You will make a worthy foe, I look forward to humiliating you


----------



## Almostrecovered (Jul 14, 2011)

this town ain't big enough for the two of us


----------



## 2nd_t!me iz_best (Feb 28, 2011)

Almostrecovered said:


> You will make a worthy foe, I look forward to humiliating you


to feel humiliated she would have to actually be able to FEEL something.
gonna be a tough job AR.


----------



## Almostrecovered (Jul 14, 2011)

women- can't live with 'em, can't kill them, cut 'em up into little pieces and stuff 'em in boxes


----------



## Mrs. T (Aug 5, 2011)

Almostrecovered said:


> women- can't live with 'em, can't kill them, cut 'em up into little pieces and stuff 'em in boxes


Sure you can...just don't get caught.


----------



## 2nd_t!me iz_best (Feb 28, 2011)

Almostrecovered said:


> women- can't stuff 'em in boxes


rather get stuffed into their boxes.


----------



## angelpixie (Mar 2, 2012)

2nd_t!me iz_best said:


> rather get stuffed into their boxes.


Touché


----------



## angelpixie (Mar 2, 2012)

Almostrecovered said:


> hmmphh nobody ever started a AR is funny thread!!


 <cue crickets>


----------



## 2nd_t!me iz_best (Feb 28, 2011)

angelpixie said:


> <cue crickets>


Cricket Sound - YouTube


----------



## 2nd_t!me iz_best (Feb 28, 2011)

Almostrecovered said:


> hmmphh nobody ever started a AR is funny thread!!

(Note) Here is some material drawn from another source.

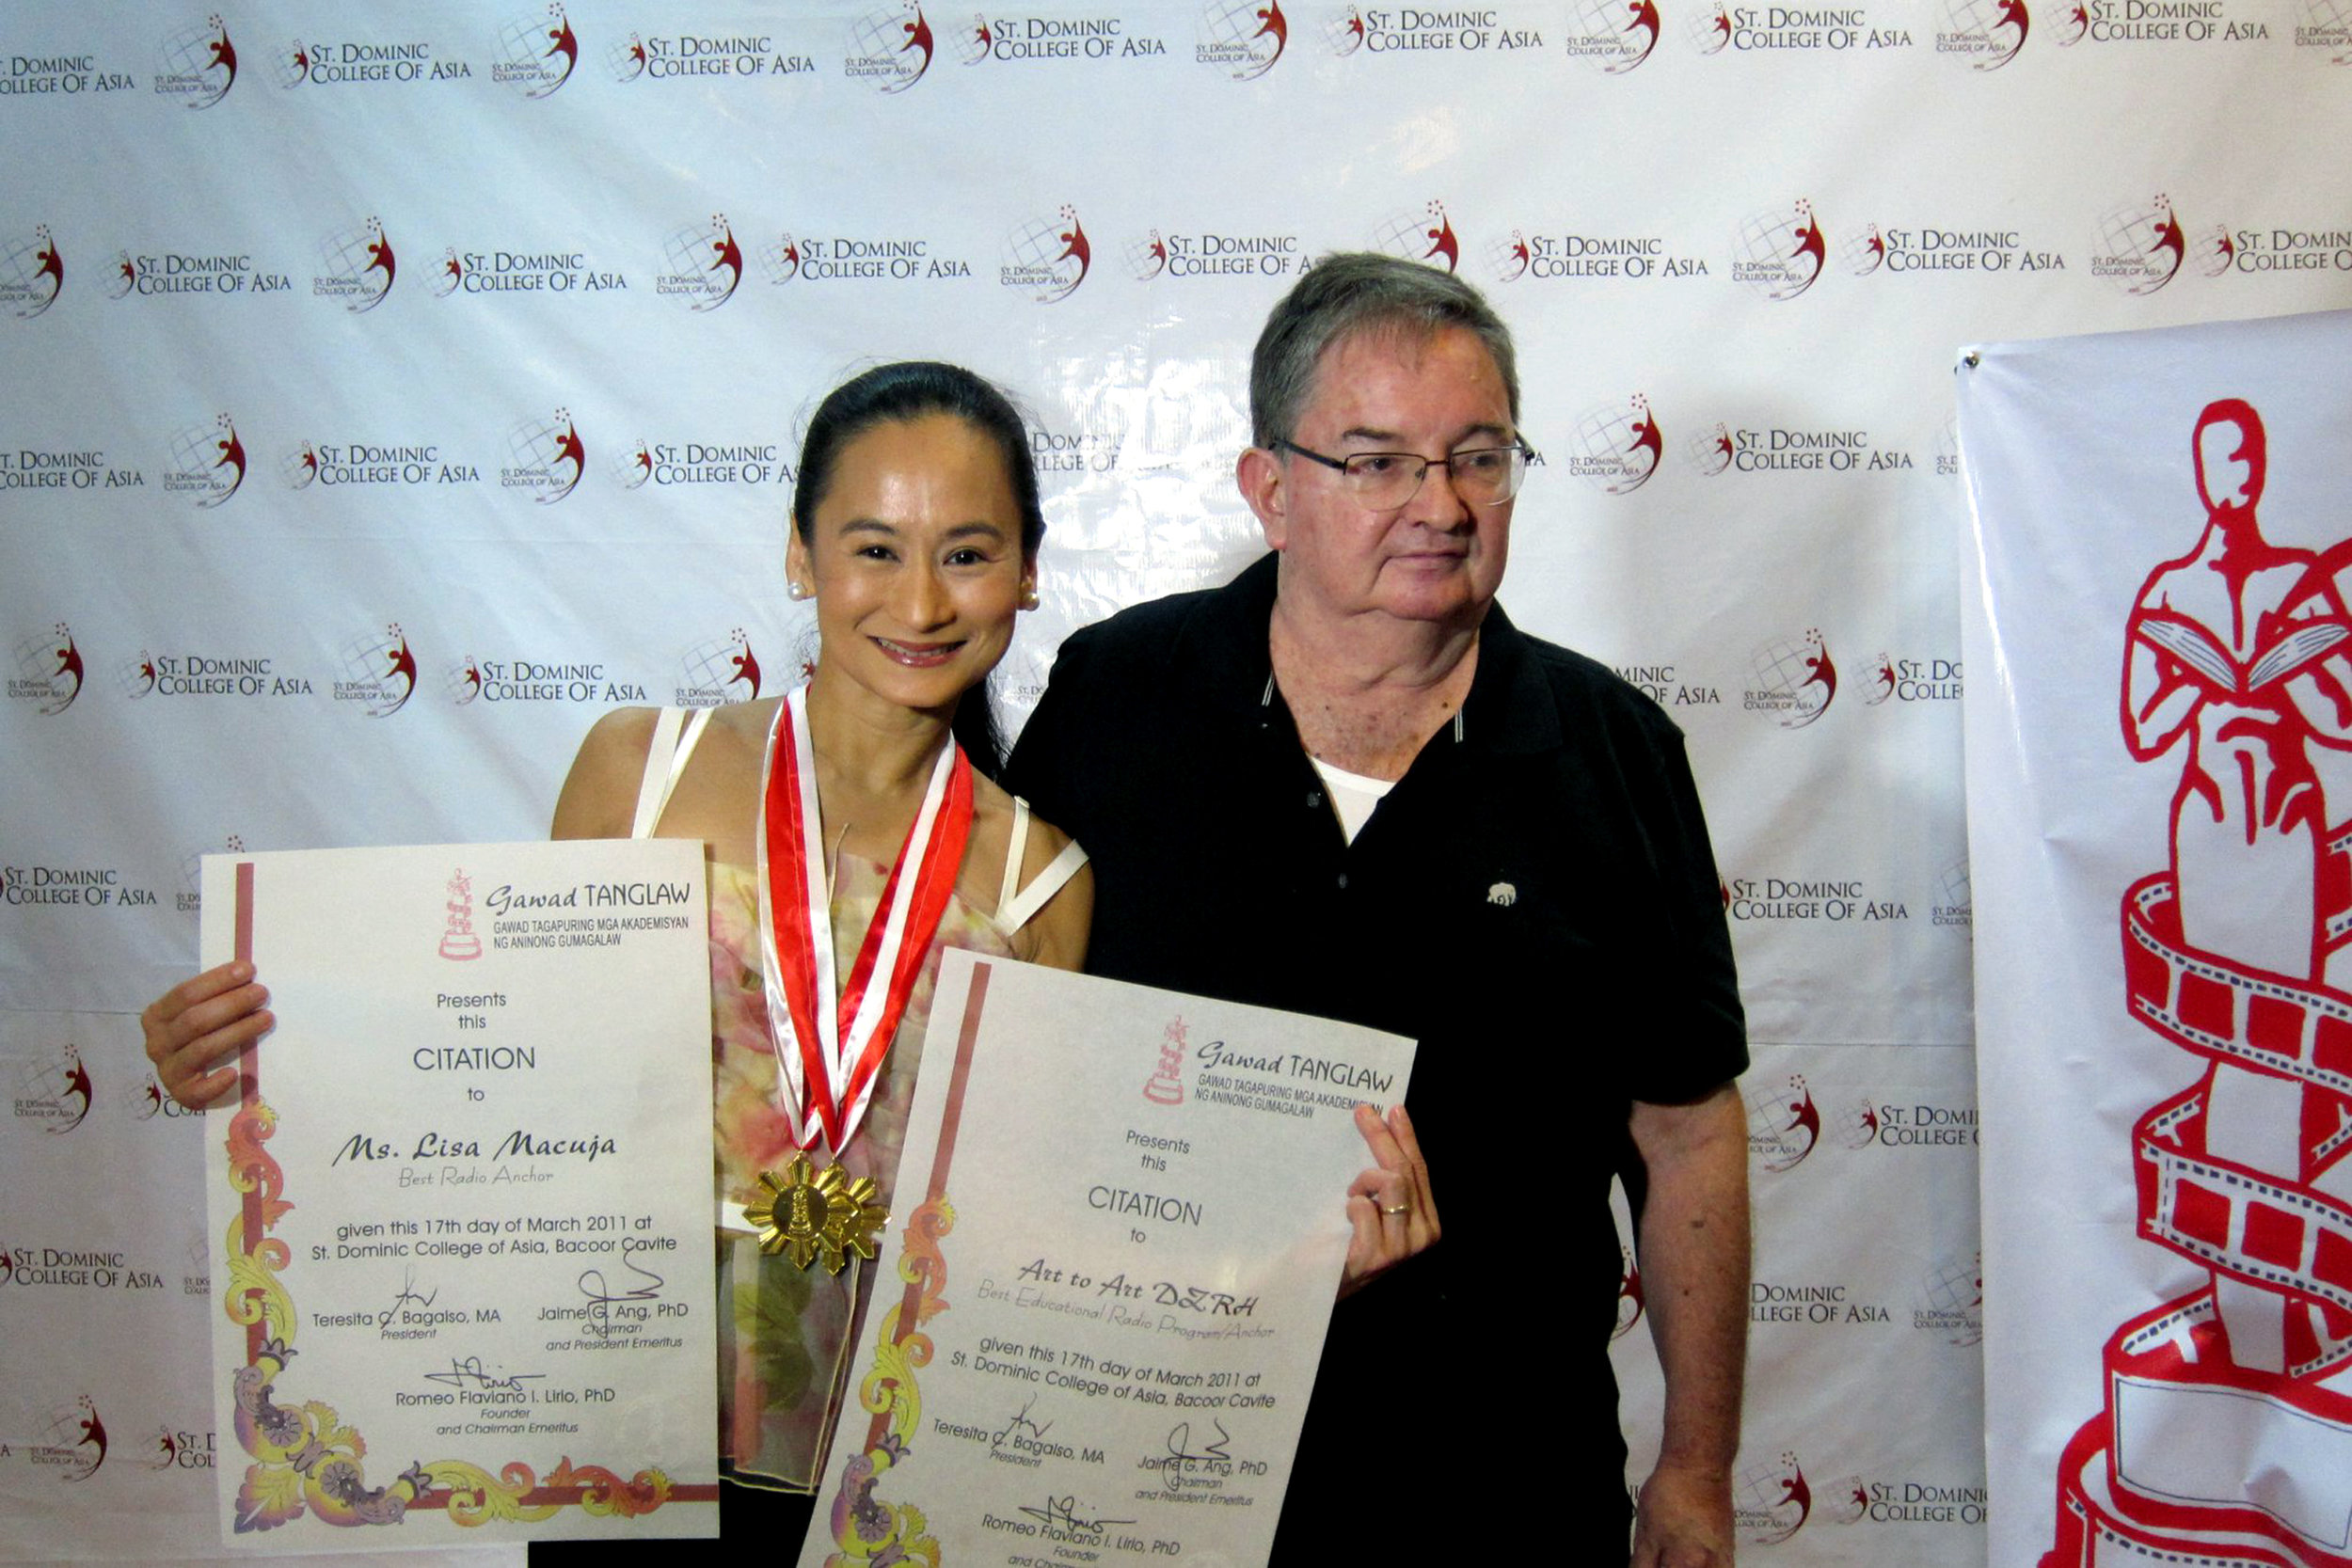  Lisa and Fred receive the Gawad Tanglaw citations in 2011, for Lisa as Best Radio Anchor and for  Art 2 Art  as Best Educational Program on Radio. 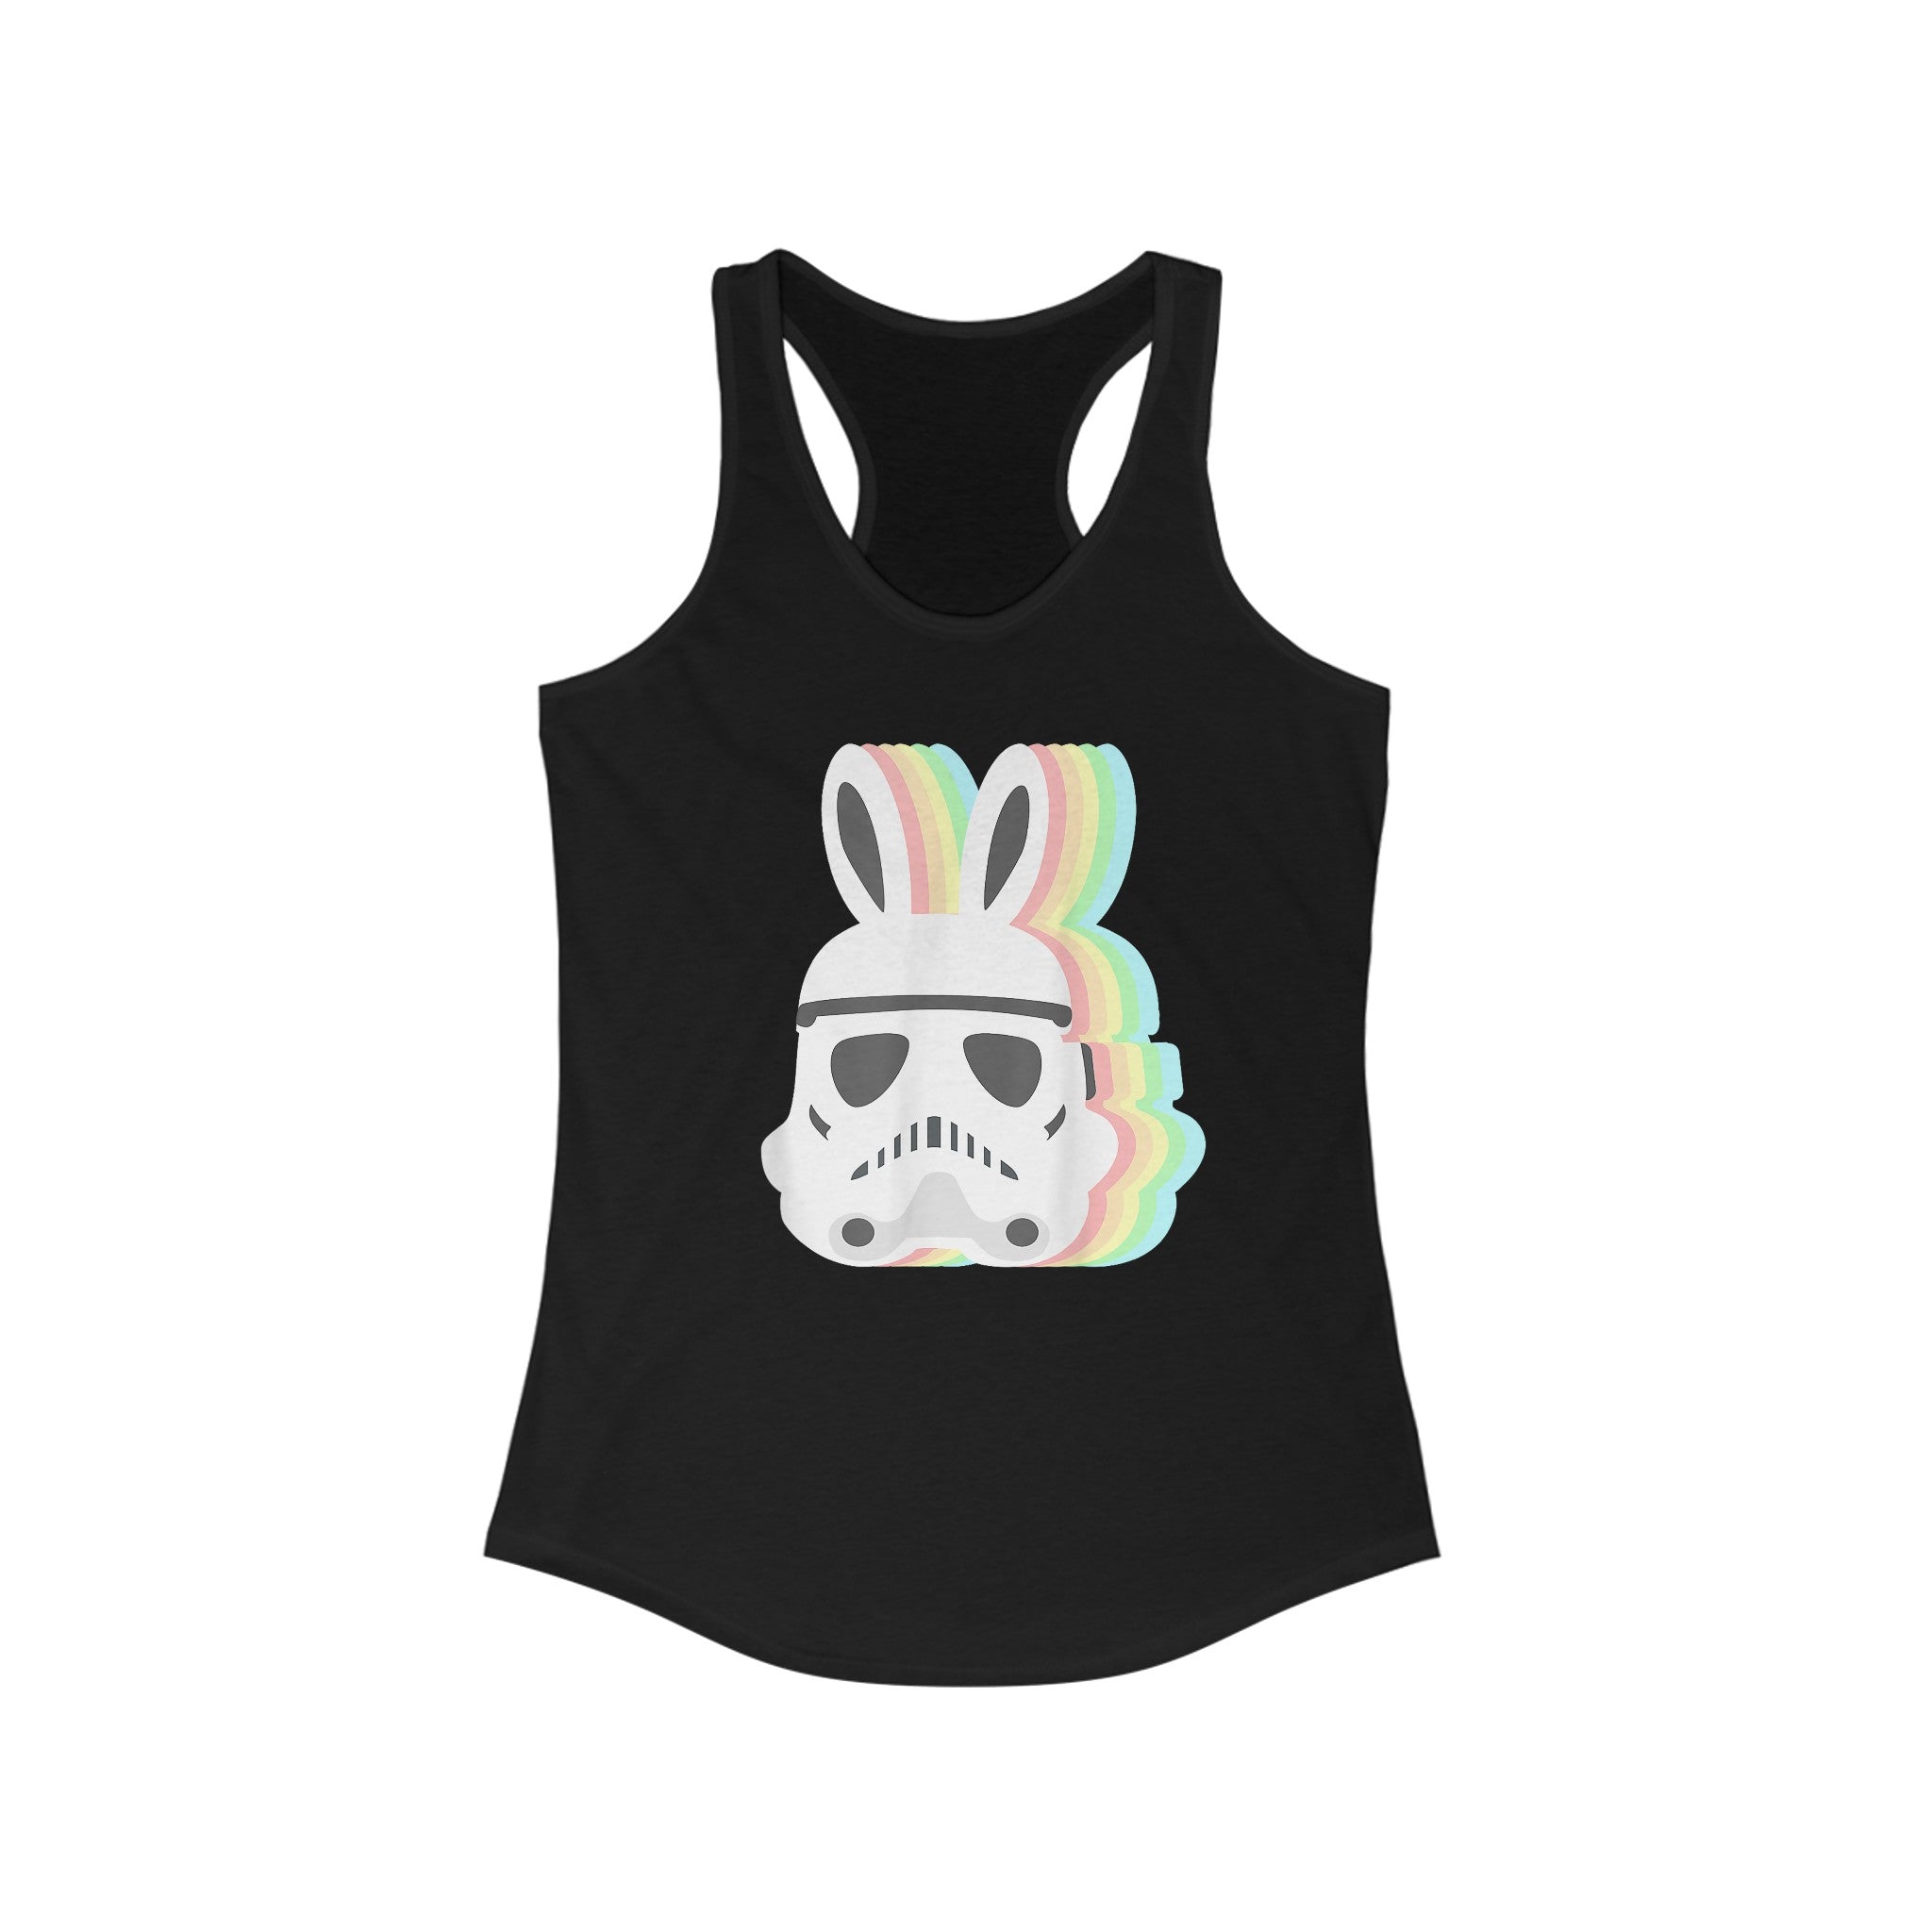 This Star Wars Easter Stormtrooper - Women's Racerback Tank features a Star Wars design with a playful twist: a Stormtrooper helmet adorned with rainbow-colored bunny ears, perfect for an Easter-themed outfit.

surprised one of the women (used very loosely here)  havent used their famous line of
want something done right...
i guess i gotta do it myself.


----------



## Almostrecovered (Jul 14, 2011)

your need to rely on emoticons is a sign of weakness

now dont cross me again or I will turtle you


----------



## Almostrecovered (Jul 14, 2011)

you asked for it...


----------



## WadeWilson (Jul 4, 2010)

On the NEXT EPIC edition of TAM...
The showdown you all been waiting for...

The Frog VS The Turtle

Which one will show their Mean
Or their Green?

Stay Tuned


----------



## Silly Husband (Aug 30, 2010)

Too.... Many..... Turtles.... Must.... Look..... Away.....

I gotta agree w/JW. LFFA's posts do lift the spirits. ( and I feel like much less of a perv after reading her exchanges w/2nd time!!! )


----------



## angelpixie (Mar 2, 2012)

Y'know, when you look at AR's turtles for too long, then look away, it's really trippy...


----------



## 2nd_t!me iz_best (Feb 28, 2011)

Almostrecovered said:


> I will turtle you


LOL
this is the second time i have read you saying this.
it sounds...hmmm...like you have to use the restroom butt youre holding out a bit.


----------



## 2nd_t!me iz_best (Feb 28, 2011)

LadyFrogFlyAway said:


> Terrific. :rofl:
> 
> Nice to know we're the anecdotal anti-venom for perversion.


i 2nd that


----------



## LaxUF (Feb 13, 2012)

Almostrecovered said:


> slick move, compliment the competition to lull him into a false sense of security and then BLAM!! drop the hammer!
> 
> You will make a worthy foe, I look forward to humiliating you


----------



## LaxUF (Feb 13, 2012)

2nd_t!me iz_best said:


> LOL
> this is the second time i have read you saying this.
> it sounds...hmmm...like you have to use the restroom butt youre holding out a bit.


This made me totally snarff out loud.... :rofl:


----------